The material we call 'chalk' was formed during the time when dinosaurs lived on Earth. At that point the oceans were rising higher and bitter till finally they lined most of the land.

Billions of tiny animals lived in those oceans. They were so small you could not have seen them - they were even smaller than the full stop at the end of this sentence. These tiny creatures had shells made from the element calcium. When they died, their shells fell to rock bottom of the ocean. After thousands of years, there have been several layers of shells on the ocean bottom.

As more and more of the little shells ironed down from the highest, those on the bottom became tougher and start to stay together.

Eventually the shells changed into a mineral called 'calcite', the main ingredient of the rock known as 'limestone'.

CHALK. The Remains of Tiny Shells.
CHALK. The Remains of Tiny Shells.

Many several of years passed after the primary chalk was formed.
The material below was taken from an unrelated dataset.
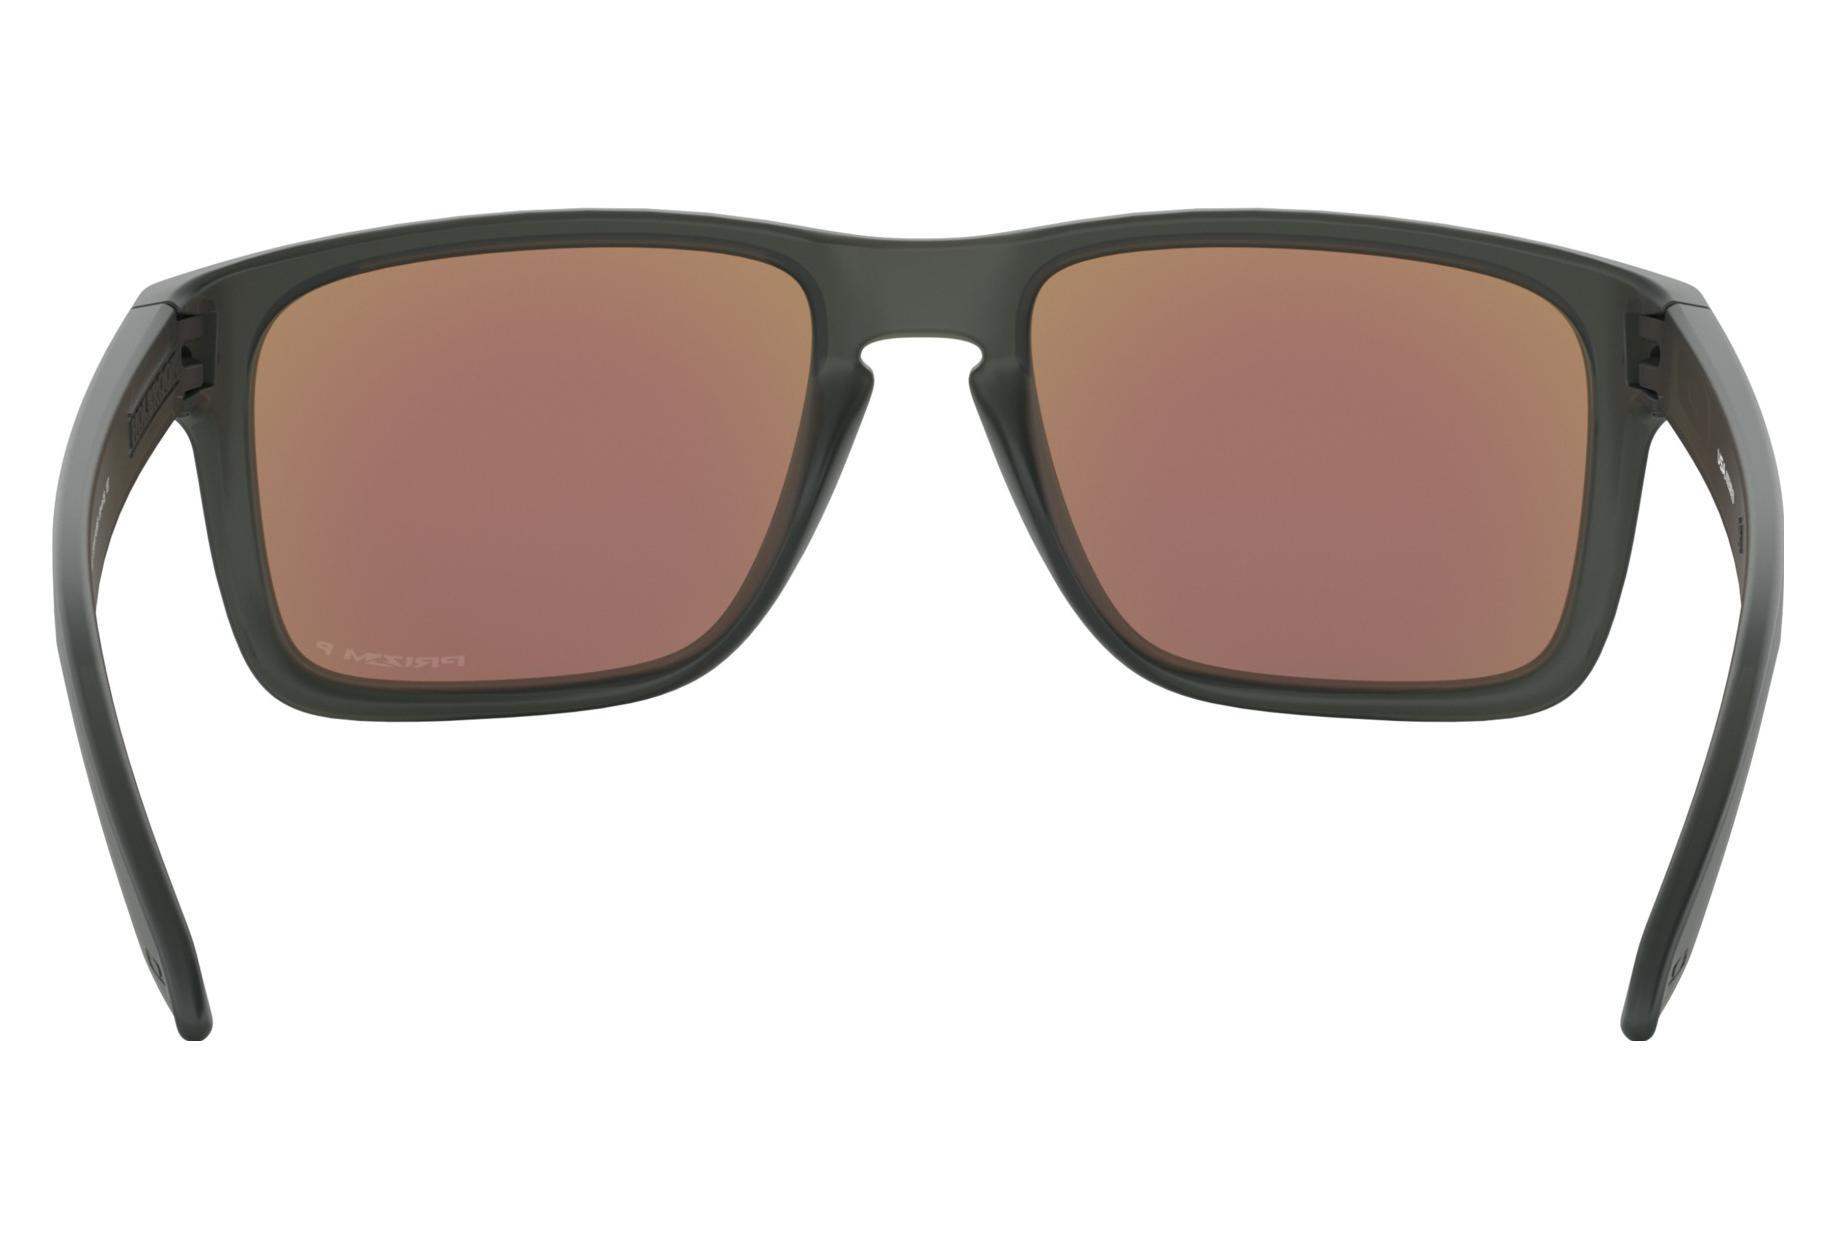 c087a6a6cc Oakley Sunglasses Holbrook XL Prizm Sapphire Polarized Collection Gray Smoke    Prizm Sapphire Polarized   Ref

The Earth's surface changed its shape, and the land and sea developed new coastlines. This left several chalk layers on land, both in the middle of continents and by the ocean. In the south of England there are chalk cliffs 244 meters high. These are the known White Cliffs of Dover, and they are virtually solid chalk!

If you had a bit of chalk from those cliffs, you may use it to put in writing on a chalkboard. But the chalk that is used in classrooms is not dug from the cliffs or the ground. It is made in factories by mixing several different materials together.